Selon plusieurs sources, les banques d’affaires Rothschild & Co et Transactions & Cie ont effectivement été chargées de trouver des investisseurs désireux de prendre une grosse participation minoritaire… Ces derniers devraient être prêts à miser dans l’opération environ 300 millions d’euros, voire même davantage. Il s’agirait d’offrir une porte de sortie aux financiers actuellement au capital… Mais pas seulement. Car Anjac cherche surtout des investisseurs capables de l’accompagner dans sa stratégie de croissance externe assez offensive. L’entreprise reste à l’affût de bonnes opportunités de rachats hors d’Europe, comme il l’a prouvé en Amérique du Nord en 2022. Il a d’abord déboursé près de 230 millions d’euros dans le rachat d’un fabricant américain qui fournit entre autres des gels douche et des crèmes solaires. La même année, il s’est offert le canadien Pillar5, un fournisseur de produits ophtalmiques. Ce « moment américain » dans la stratégie d’expansion d’Anjac lui a permis d’accomplir un grand bond en avant, en atteignant les 650 millions d’euros de chiffre d’affaires l’an passé, loin des 400 millions d’euros de 2020. Son Ebitda serait aujourd’hui compris entre 80 et 100 millions d’euros.

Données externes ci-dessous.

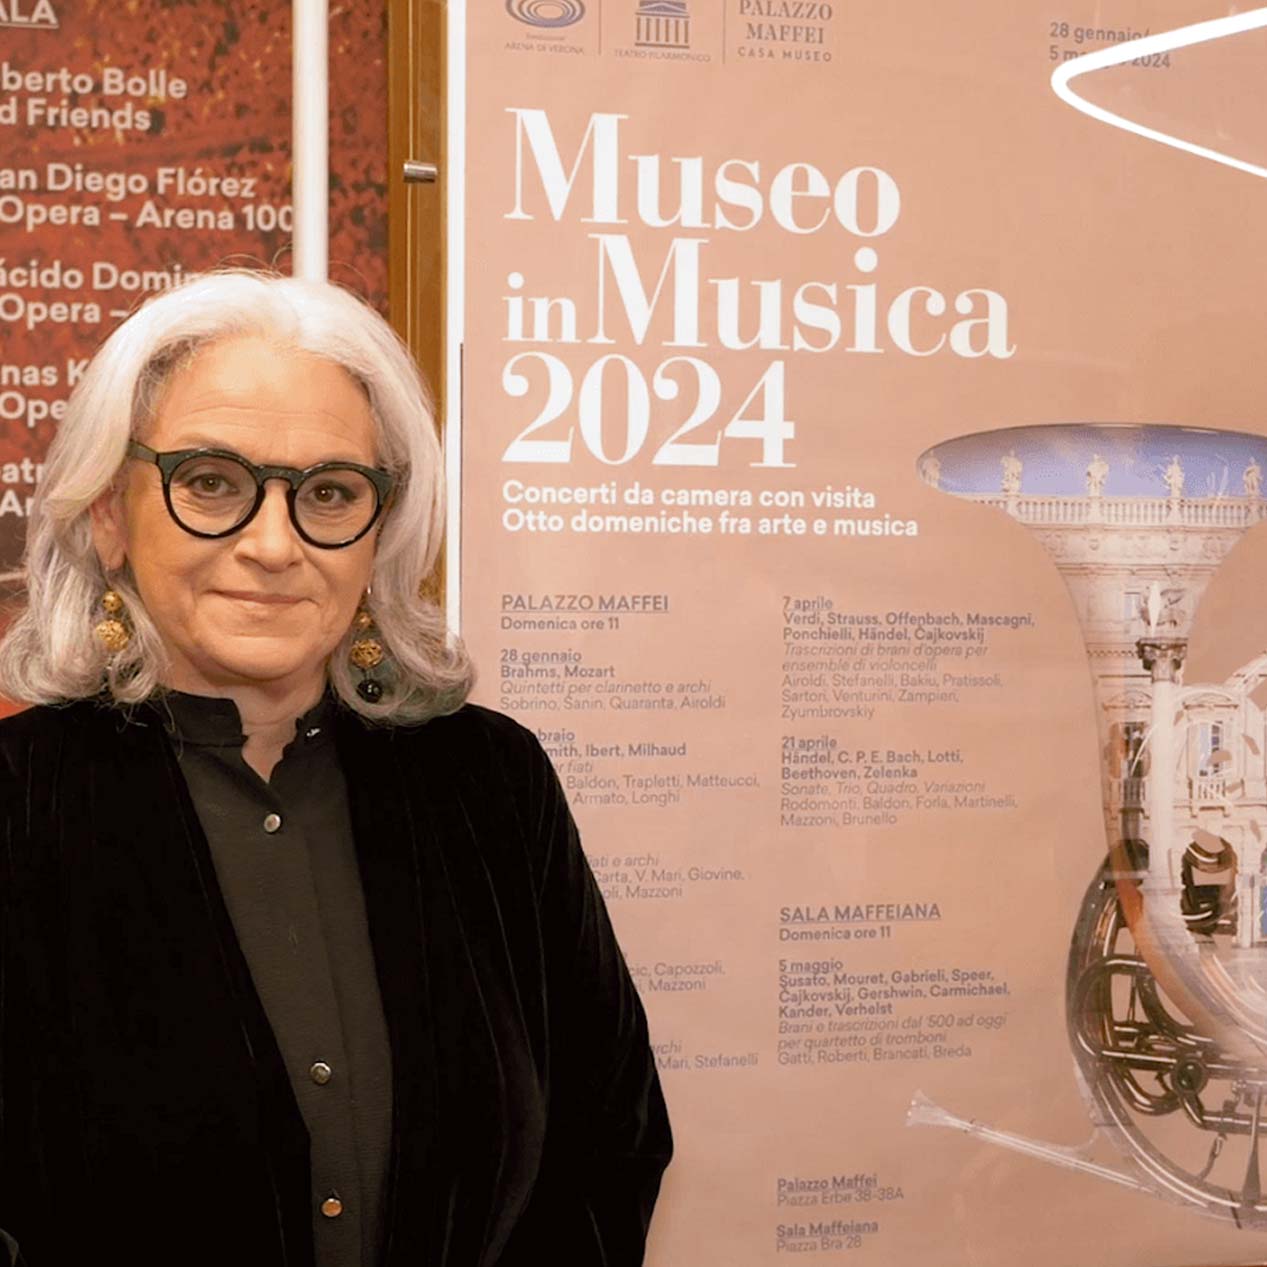 Museo in Musica. La nuova rassegna di Fondazione Arena chiude registrando il sold out a tutti i concerti.

Classée 240e fortune française par Challenges, la famille Chaufour s’est d’abord fait un nom dans la distribution d’outillages et d’appareils de chauffage et de climatisation pour le secteur du bâtiment, avant de se réorienter Anjac vers les produits d’hygiène et de soin à la fin des années 2000. L’entreprise a ensuite choisi de devenir aussi un acteur qui compte dans la santé, en particulier avec la reprise des Laboratoires Chemineau en 2013, un fabricant de formes liquides et semi-liquides travaillant pour des Big pharmas comme Pfizer, GSK ou Sanofi. Aujourd’hui à la tête de 14 filiales et de 22 sites dans le monde (dix-sept en France, deux en Espagne, deux au Canada, un aux Etats-Unis), Anjac fait partie de ces industriels qui ont bénéficié depuis les années 1990 du recours grandissant à la sous-traitance dans la cosmétique et la pharmacie. Dans le secteur, on les appelle CDMO (Contract development & manufacturing organizations).